Safety-aware human-in-the-loop reinforcement learning with shared control for autonomous driving

Abstract

The learning from intervention (LfI) approach has been proven effective in improving the performance of RL algorithms; nevertheless, existing methodologies in this domain tend to operate under the assumption that human guidance is invariably devoid of risk, thereby possibly leading to oscillations or even divergence in RL training as a result of improper demonstrations. In this paper, we propose a safety-aware human-in-the-loop reinforcement learning (SafeHIL-RL) approach to bridge the abovementioned gap. We first present a safety assessment module based on the artificial potential field (APF) model that incorporates dynamic information of the environment under the Frenet coordinate system, which we call the Frenet-based dynamic potential field (FDPF), for evaluating the real-time safety throughout the intervention process. Subsequently, we propose a curriculum guidance mechanism inspired by the pedagogical principle of whole-to-part patterns in human education. The curriculum guidance facilitates the RL agent's early acquisition of comprehensive global information through continual guidance while also allowing for fine-tuning local behavior through intermittent human guidance through a human-AI shared control strategy.

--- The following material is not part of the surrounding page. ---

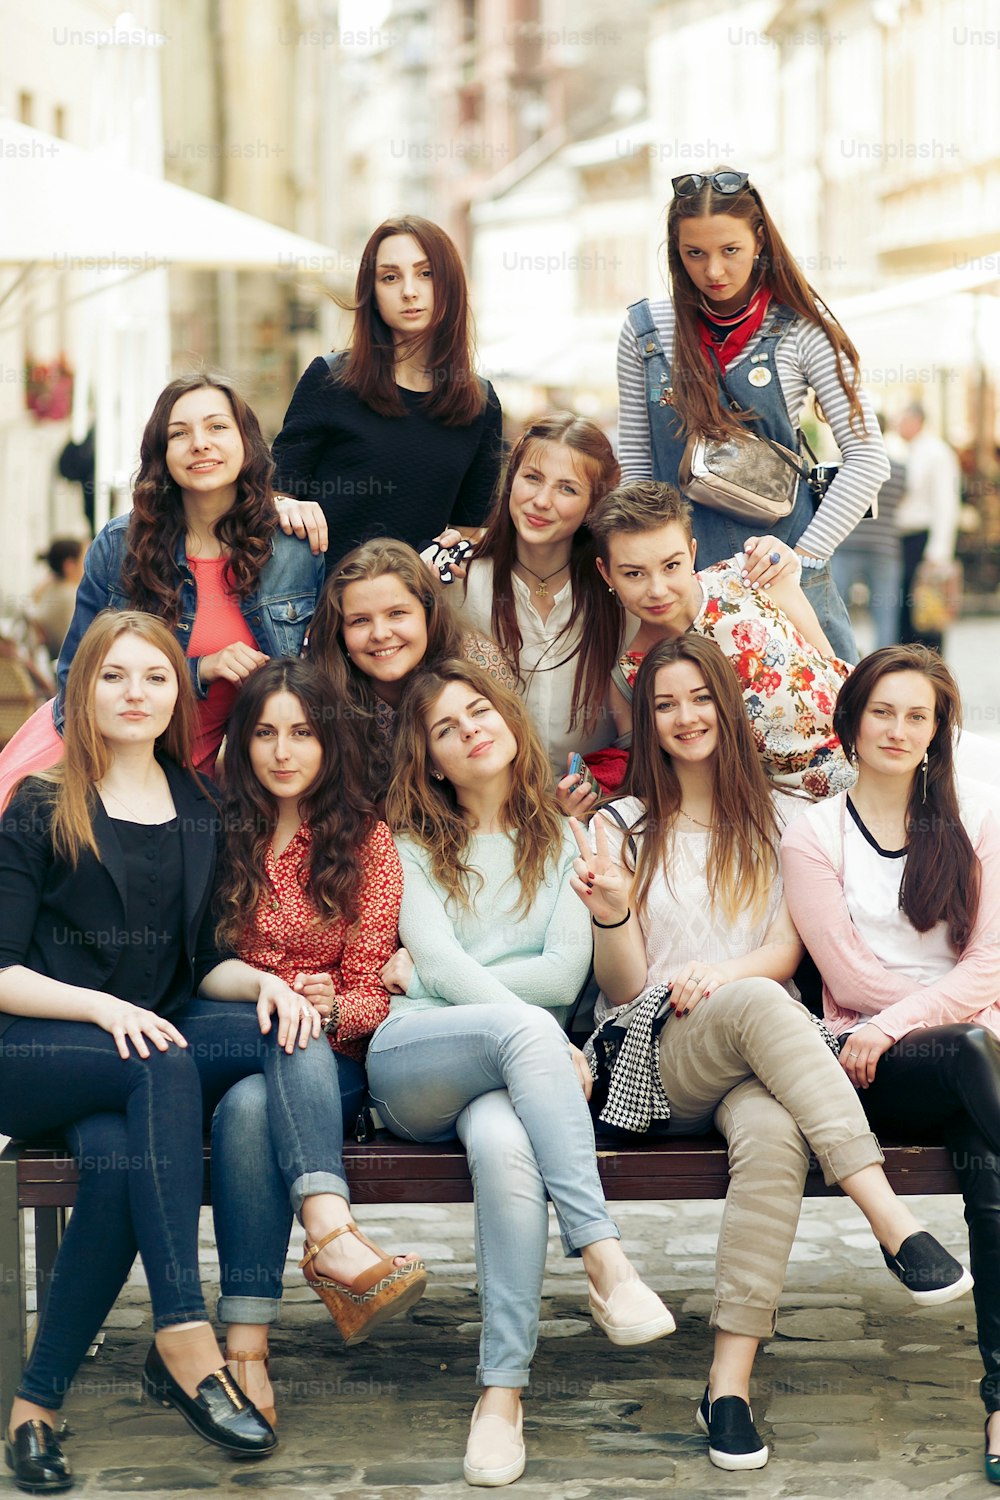 mulheres felizes elegantes hipsters moda vestido sorrindo e sentado no banco na rua da cidade da Europa, momentos alegres conceito de amizade

Consequently, our approach enables a safe, robust, and efficient reinforcement learning process independent of the quality of guidance human participants provide. The proposed method is validated in two highway autonomous driving scenarios under highly dynamic traffic flows (https://github.com/OscarHuangWind/Safe-Human-in-the-Loop-RL). The experiments' results confirm the superiority and generalization capability of our approach when compared to other state-of-the-art (SOTA) baselines, as well as the effectiveness of the curriculum guidance.